Chapter 7 is sometimes referred to as “straight bankruptcy.” There is no repayment plan with a Chapter 7. The advantage is that it’s usually over within about four months. Attorney fees are also lower than with a Chapter 13 because there is less work to be done.

When you file bankruptcy, you must complete very detailed paperwork listing all assets, debts, income, and expenses (called “schedules”), which will be filed with the Bankruptcy Court. You will also complete a Statement of Financial Affairs (“SOFA”). You must accurately and completely list all information on your schedules and SOFA.

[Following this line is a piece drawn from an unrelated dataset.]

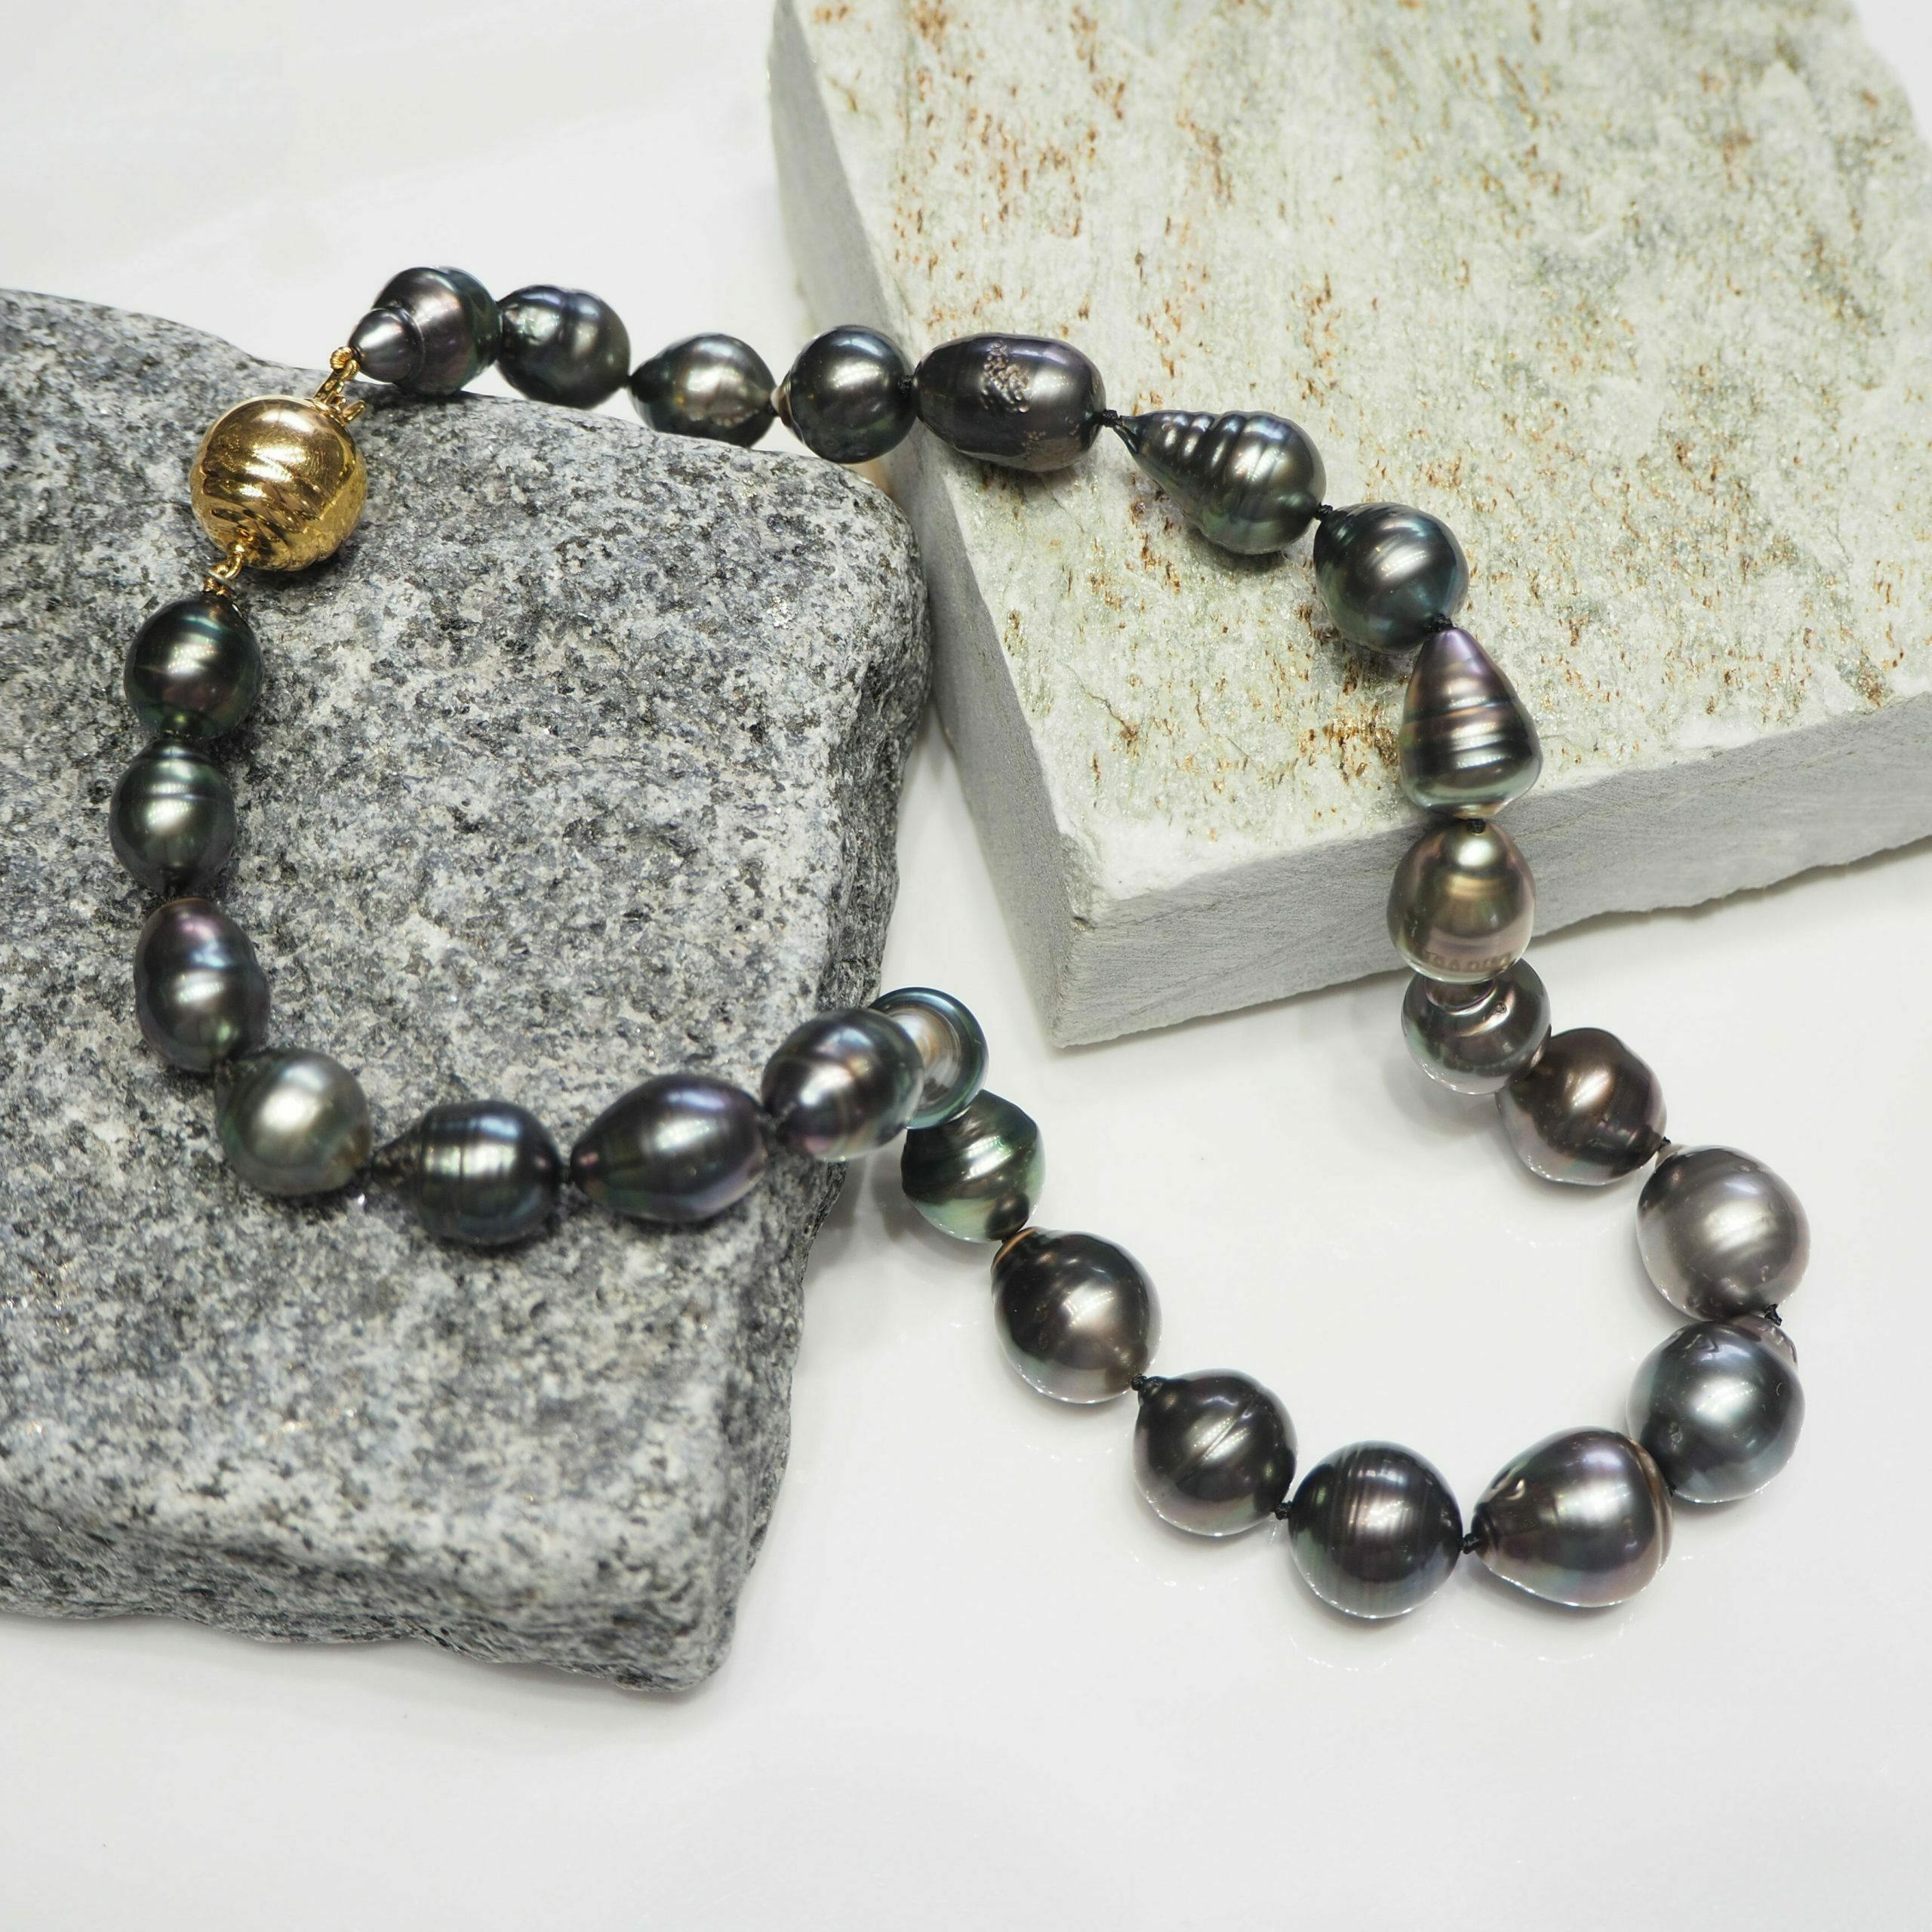 Aggregate 79+ baroque pearl necklace australia latest - POPPY

If you are over the median income (meaning you are in the top half of income earners) for your household size (based on the number of people in your family during the six months before you file bankruptcy), you must also prepare and file a “means test” form, also known as form B22A. The means test is based on Internal Revenue Service standards for various living expenses. This means you are allowed a certain set amount for housing, food, personal care items, automobile expenses, and any other additional expenses necessary for the health and welfare of your family, regardless of how much you actually spend on those items. If, after applying the means test to your case, you have about $109 left over each month to pay your creditors (and sometimes more depending on the amount of debt), then your Chapter 7 filing is deemed “presumptively abusive.” You can rebut this presumption, and sometimes this would be very appropriate. If you fail the means test and cannot rebut the presumption of abuse, your case will be dismissed, or converted to chapter 13. It’s important, therefore, to have complete information in order to evaluate your options.

The court can also dismiss your case if it deems your Chapter 7 filing abusive under the “totality of the circumstances.” In other words, the court will examine your income schedule (schedule I) and your expense schedule (schedule J) to determine whether there is money in your budget to pay your creditors; and it will evaluate your spending habits over the last year or so, any recent large purchases, how expensive your assets are, and many other factors that might indicate a lack of good faith.

Some cases are clearly Chapter 7 cases. Others are clearly not. Many times, it’s not clear until all the information is carefully evaluated. We spend a significant amount of time with you to determine what chapter is appropriate for your case.